Wednesday, August 16, 2017

Early Turnings

These first photos were from my evening walk on the very first of the month. 






The month in question being August, I didn’t credit the blood-red leaves to seasonal change. I figured there was simply something wrong with this tree.

The color is somewhat washed out here, so one might be
forgiven for presuming this tree really has a blight.
Two evenings later, I’m walking home down the the other side of the street, and I see this. There’s something wrong with this tree, too, right?

Before this, the earliest I’ve seen leaves changing was on the 15th of August, in Anchorage, Alaska. They’re not fully gone over like the leaves on these maples, though. The edges of the leaves on the birches take on a rusty color, with bits of yellow peppering the broader surface.

The color change accelerates rapidly, however, and peaks on the next to the last weekend in September. After that one spectacularly golden Saturday, the glorious reds and yellows all fade to dead, dull brown before they begin dropping from their branches in volume. When you wake up on the first of October, it’s nothing but knotty, skeletal fingers reaching for frigid gray skies fattening with the first snow.

Autumn as most of us know and love it lasts for a little over six weeks. This schedule was rigidly adhered to for all the turnings I witnessed from 2001 through 2003.

There are many differences to be observed between Anchorage and where I am now. Anchorage is high latitude; Monte Vista is high altitude. Anchorage is a boreal swamp built on the accumulated debris of the erosion of the Chugach Mountains into Cook Inlet. Monte Vista is an alpine desert. Every factor that determines how the leaves change color and fall—the light, the air, the soil, and water quality— is different.
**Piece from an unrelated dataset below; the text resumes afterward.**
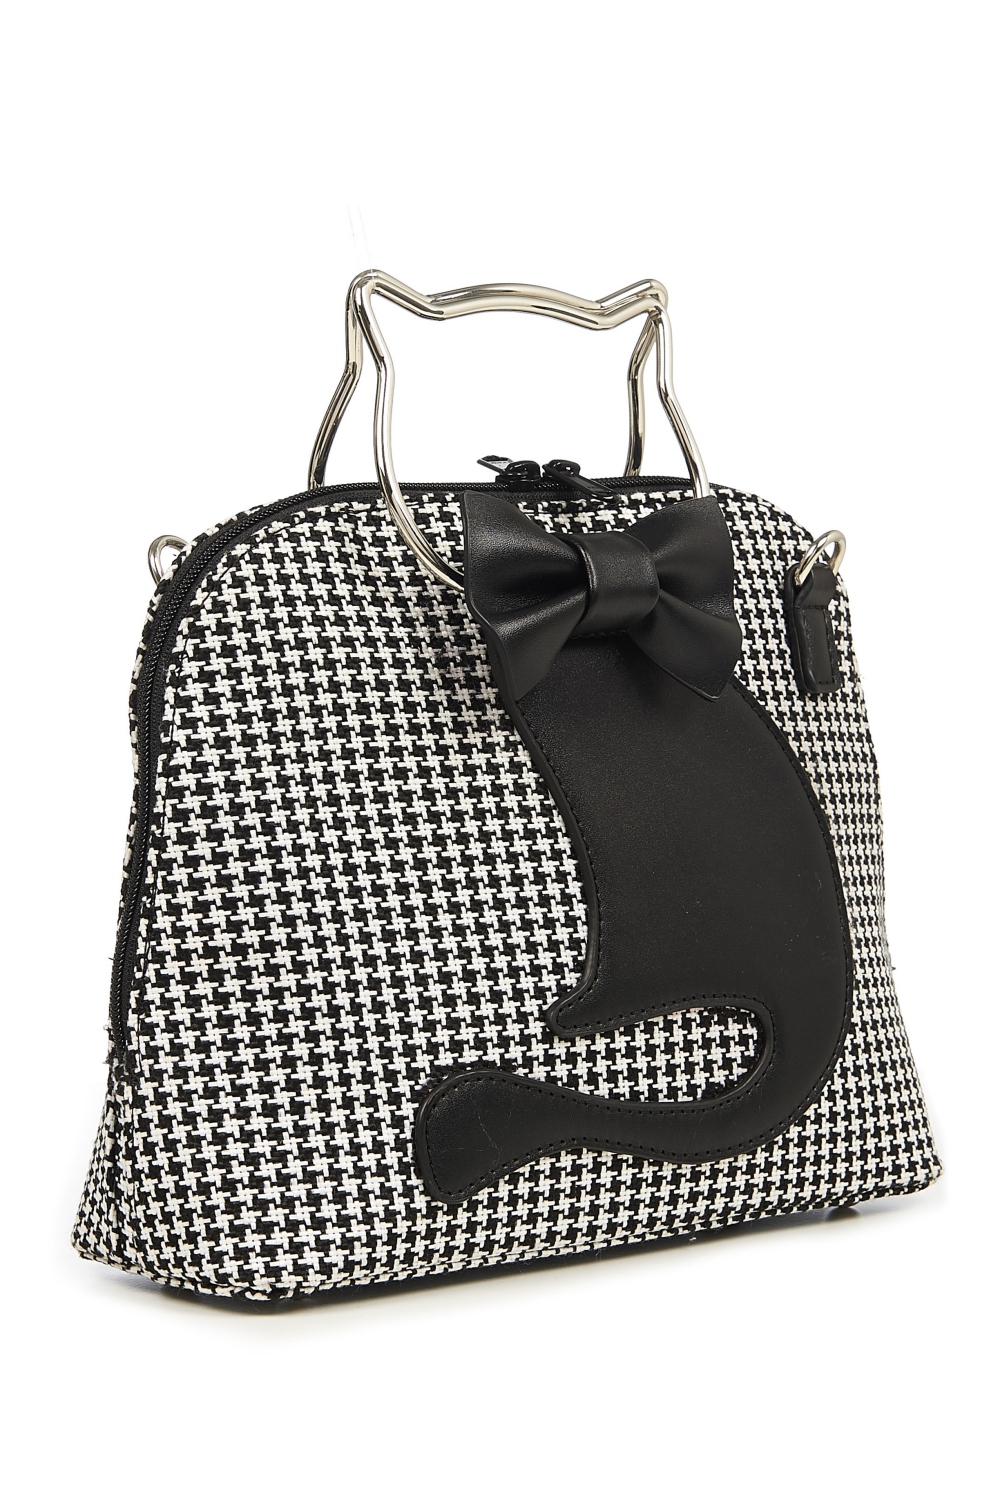 Banned Retro 50s Dixie Houndstooth Cat Bag

The third day of August, and I’m like, “Are you kidding me?”






At least autumn in Colorado’s San Luis Valley is good through Thanksgiving. One thing I did pick up on during my first fall here last year is that every individual tree seemed to run on its own schedule. Some were indeed bare by the first of October, while others were just getting started on their change. But there will be color through November.

Meanwhile, it’s already cool enough in the mornings that I need to wear my heavy winter robe. Soon these windows will be closed at night. It’s been a breathtakingly brief summer.